Enzyme internal error while running neural ODE with Lux + Enzyme

heyyeahcrow commented 3 days ago

Hi,

I tried to use AutoEnzyme as an optimizer to build a neural network to predict parameters for ODEs following the example of DiffEqFlux, but it turned out to return an Enzyme internal error and a bunch of LLVM computations.

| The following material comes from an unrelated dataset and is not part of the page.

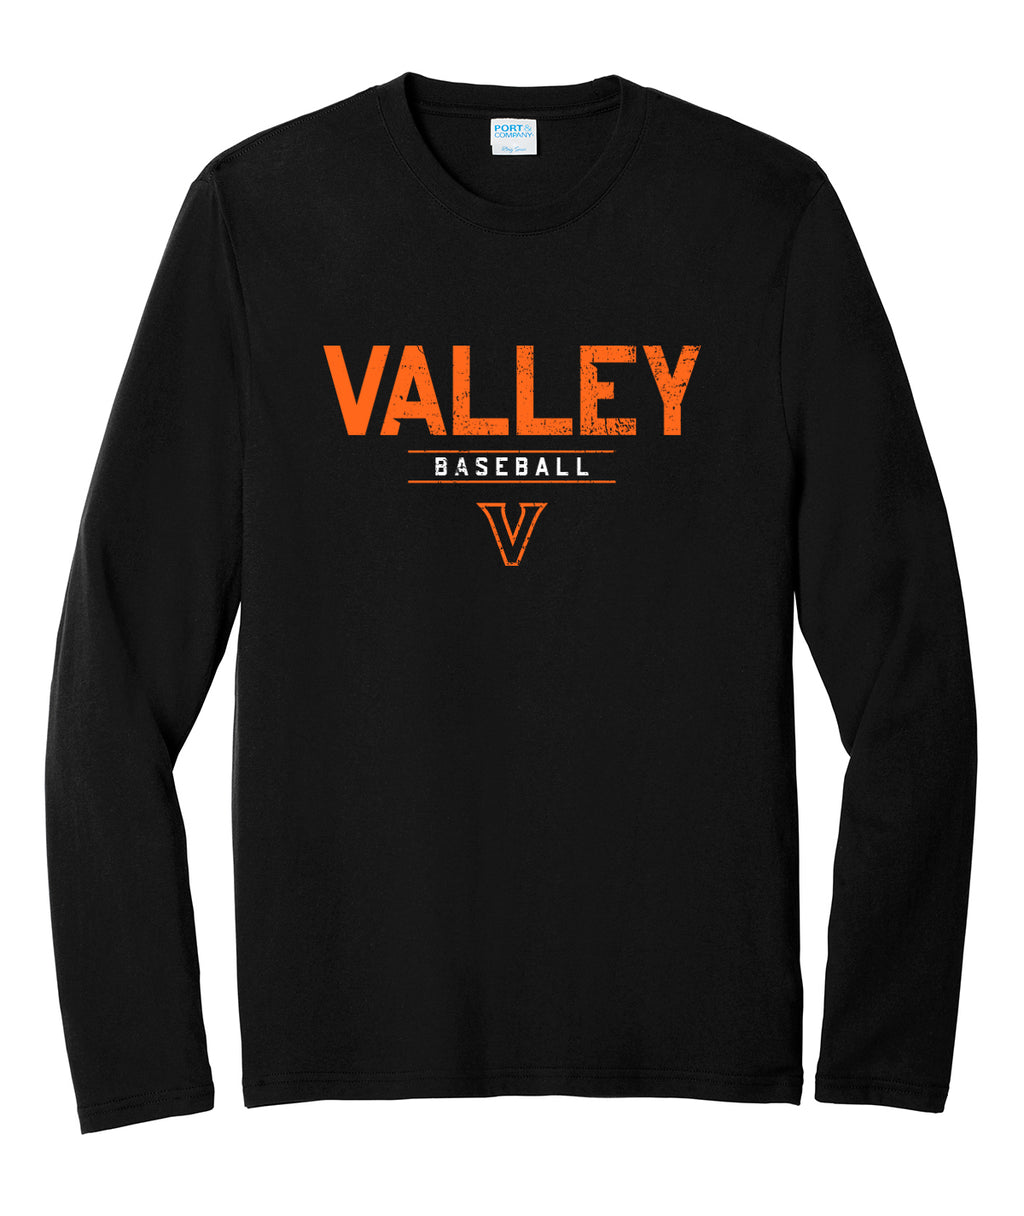 Valley Baseball Long-Sleeve Tee

using Lux, DiffEqFlux, OrdinaryDiffEq, Plots, Printf, Statistics
using ComponentArrays
using Optimization, OptimizationOptimisers
using Enzyme
using Dates
using Random
using StaticArrays

function evolve!(dc, c, p, t)
    p1 = p[1]
    p2 = p[2]
    dc .= c .* p2 * p1
end

function simulate(i1, i2, a, b, t_span)
    p2 = exp(-i2 * a)
    p1 = i1 * b
    p = (p1, p2)
    c0 = [1.0 0.0; 1.0 0.0]
    prob = ODEProblem(evolve!, c0, t_span, p)
    sol = solve(prob, Euler(), save_everystep=false, dt = 0.5)
    return Array(sol[end])
end

rng = Xoshiro(0)
b = [0.0 1.0; 1.0 0.0]
a = 0.6
n = length(b[1, :])
i1 = 0.18
i2 = 2.5 
timespan = (0.0, 5.0)
ans = simulate(i1, i2, a, b, timespan)

display(ans)

inputs = [i1, i2]
input_size = length(inputs)
output_size = length(a) + length(b)
nn = Chain(
    Dense(input_size, input_size*3*n, tanh),
    Dense(input_size*3*n, output_size*2, tanh),
    Dense(output_size*2, output_size, sigmoid)
)

u, st = Lux.setup(rng, nn)

function predict_neuralode(u)
    # Get parameters from the neural network
    output, outst = nn(inputs, u, st)
    # Segregate the output
    p_a = output[1]
    pp_b = output[length(a)+1:end]
    p_b = zeros(n, n)
    index = 1
    for i in 1:n
        for j in 1:n
            p_b[i, j] = pp_b[index]
            index += 1
        end
    end
    nn_output = [p_a, p_b]
    println("nn_output: ", nn_output)
    pred = simulate(i1, i2, p_a, p_b, timespan)
    return Array(pred)
end

function loss_neuralode(ans, u)
    pred = predict_neuralode(u)
    loss = sum(abs2, ans .- pred)
    return loss, pred
end

loss, pred = loss_neuralode(ans, u)

loss_values = Float64[]
callback = function (p, l, pred; doplot = false)
    println(l)
    push!(loss_values, l)
end

pinit = ComponentArray(u)
callback(pinit, loss_neuralode(ans, pinit)...)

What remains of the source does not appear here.